09-01-2014

By Roni Livneh and Rony Margalit

Israeli law applies to all domestic workers and is not dependent on their legal status. As such, labor laws apply to migrant workers just as they apply to citizens. For example, migrant workers have the right to earn minimum wage and employers are required to make pension plan payments as provided in the extension order of 2008. However, in an unprecedented manner, the rights expressed in the Rest and Work Hours Law were denied to a group of workers: caregivers, migrant workers from countries that are very poor, who earn a monthly minimum wage salary with no overtime and are made to work 24 hours a day with no break, day off, or vacation.

The Rest and Work Hours Law establishes the number of hours in a workday, days of rest in the week, payment for overtime and for work on Saturday and holidays. This law applies to all workers in the economy including migrant workers. However, following the High Court decision of March 2013, caregivers were denied their rights to overtime pay and were excluded from the pension law. This means that they can be occupied 24 hours a day with no break, no day off, and work on Saturday and holidays with no right to overtime pay.
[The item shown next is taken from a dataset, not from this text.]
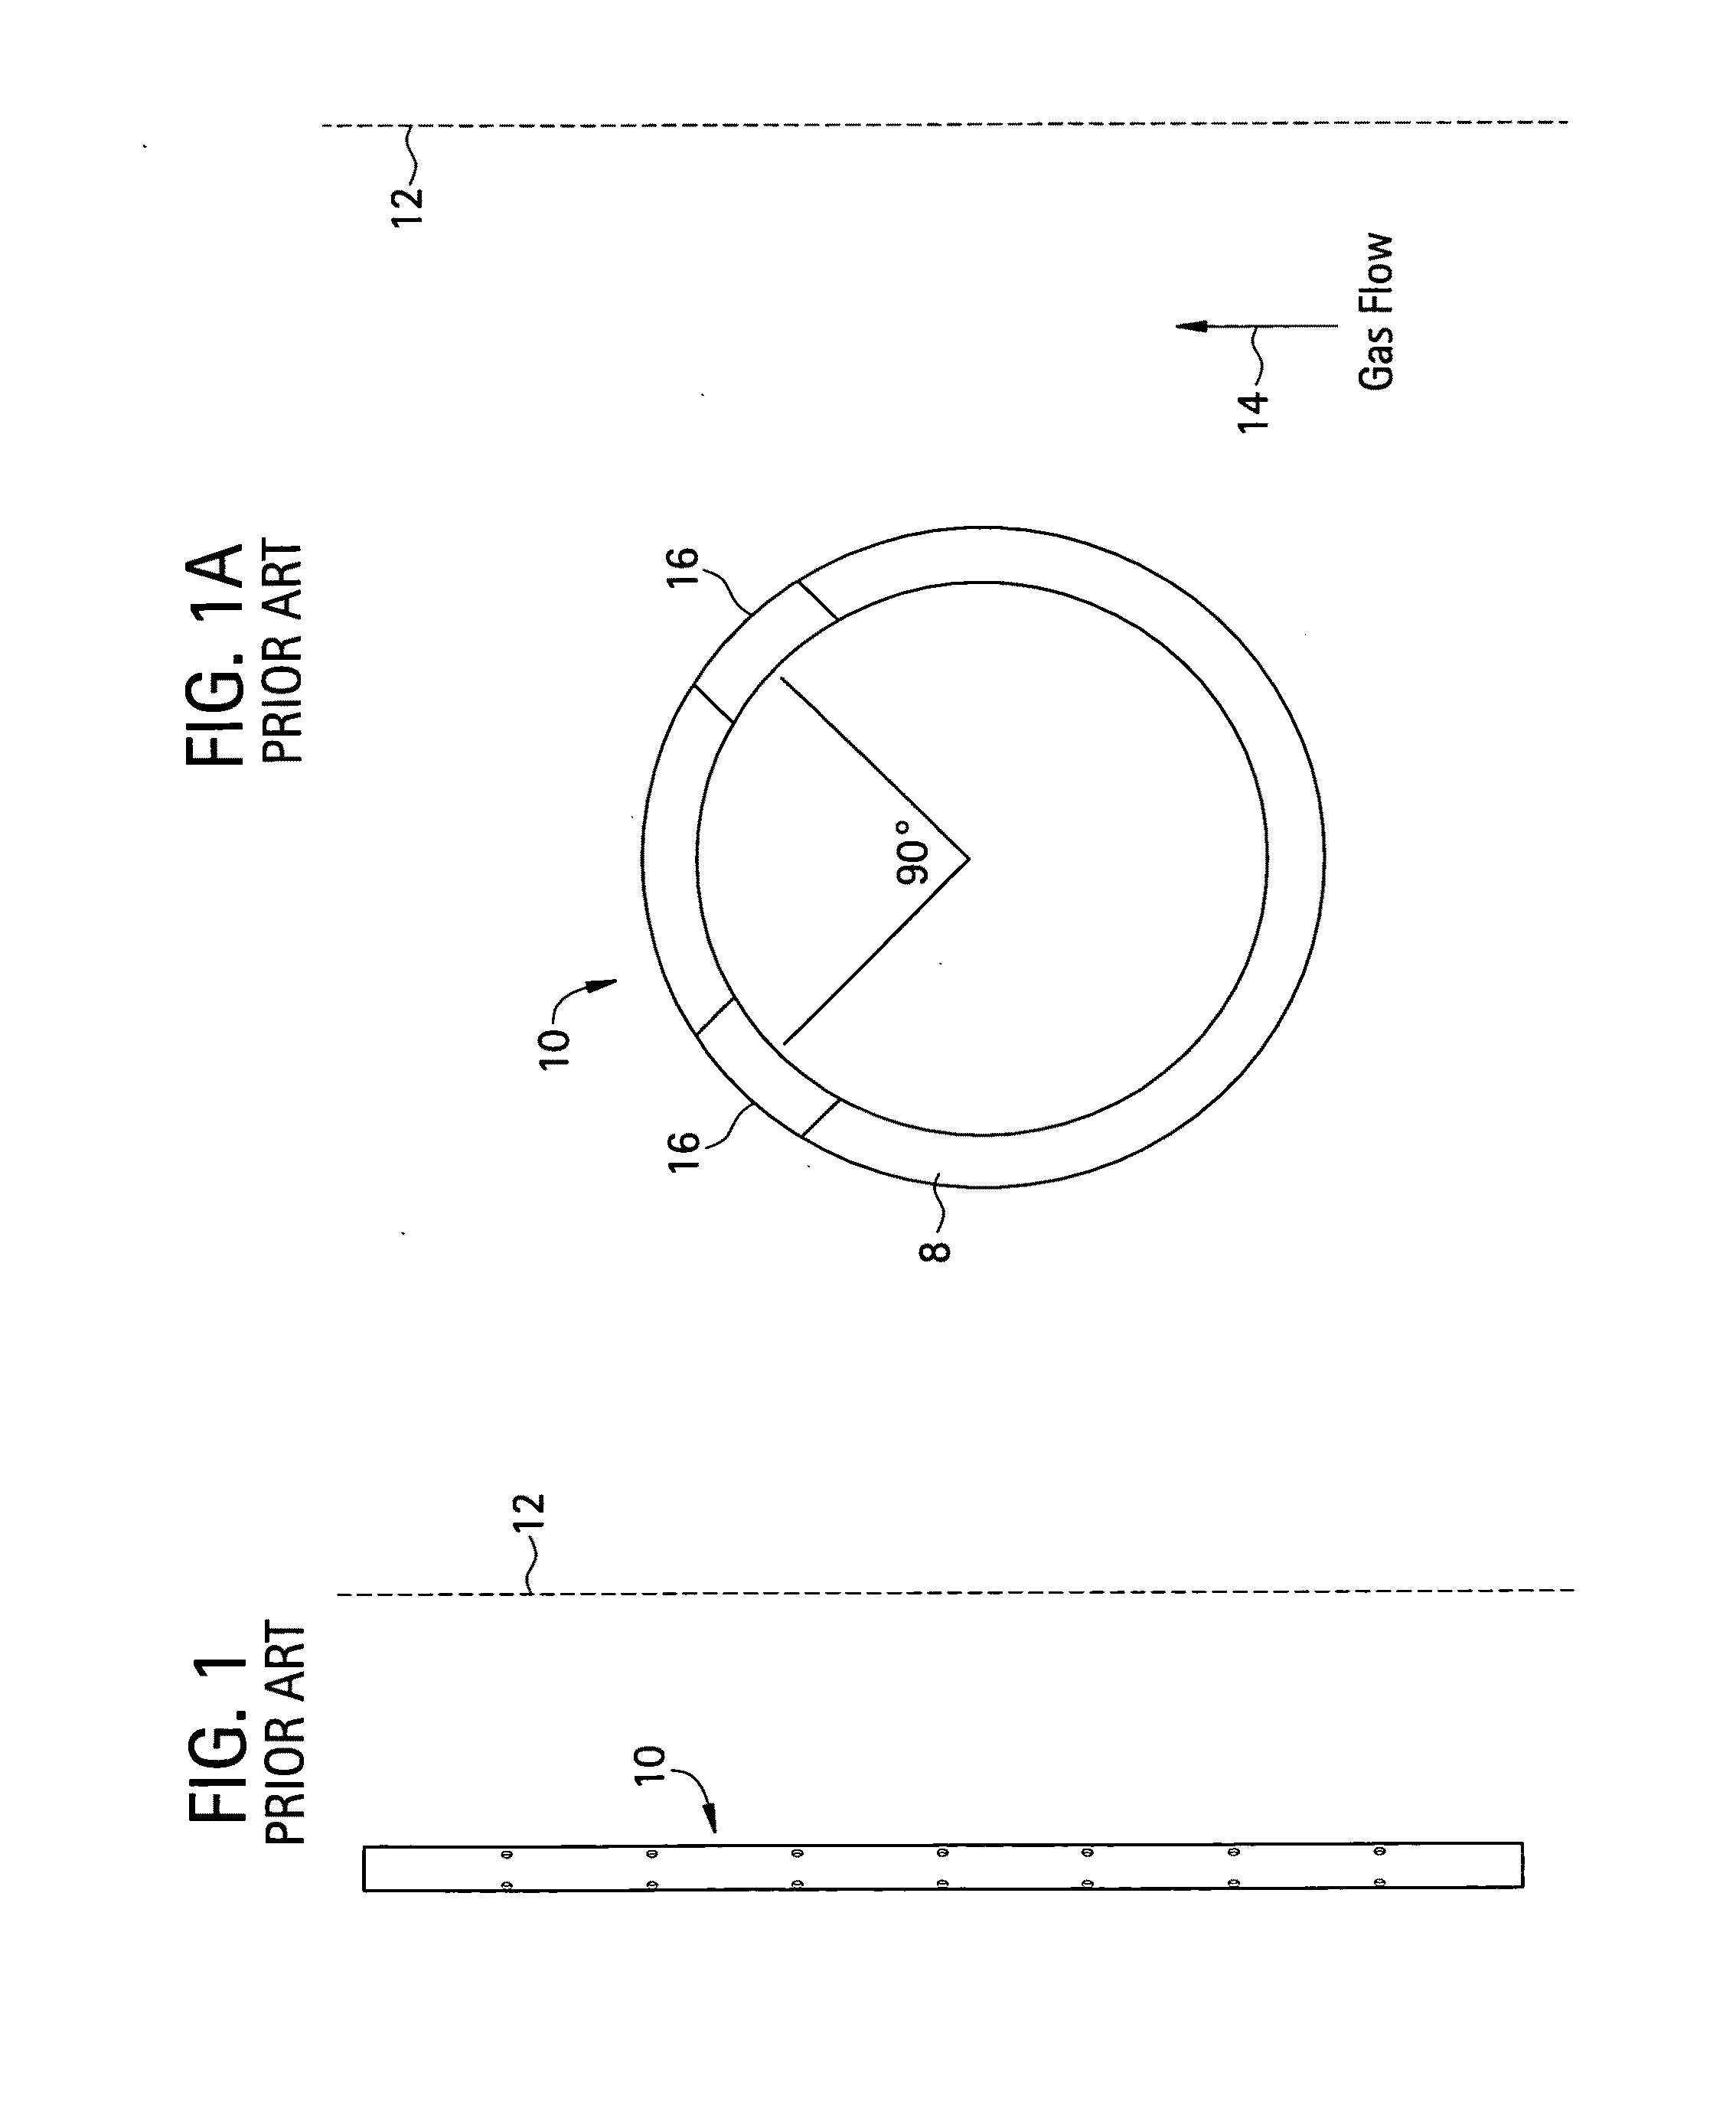 Dispersion lance and shield for dispersing a treating agent into a fluid stream

Thirty percent of workers do not have a day off during the week which means they work seven days a week for many months at a time. Recently a worker who came to Kav LaOved office said that she was not allowed to leave her place of work for six months. This violation of workers’ rights is now legal in Israel.

Last year a verdict was handed down in the Jerusalem District Court regarding a caregiver imprisoned for two years by her employers in the bathroom in their house. She was not allowed to make contact with the outside world and was given only short food breaks. In an unprecedented conviction the court defined her work conditions as slavery. The verdict pointed to extremely long work hours and denial of vacation.

Excluding a specific group of workers from a law that defines rights and regulations, which result in violation of their rights, is an unusual and abusive act.  The Israeli government made a conscious decision to bring migrant workers to the caregivers market and therefore must take responsibility of the well being and protection of these workers.

One way to deal with the caregivers’ difficult situation is to sign the United Nations International Labor Organization (ILO) Domestic Workers Convention (Convention C189). This convention came into effect in September 2013 and is designed to promote and protect the rights of people who are employed in of all types of domestic work. The convention defines their right to equality before the law, the freedom to choose their employer, and protection from paying extremely high brokerage fees for the right to work in a foreign country.

On Saturday the caregivers of Israel marched for equality and rights. They called on the State of Israel to sign the Domestic Workers Convention. The march began at LevinskyPark in Tel Aviv and ended with a gathering at Habima Square. MK Michal Rozin and representatives of the workers were among the speakers.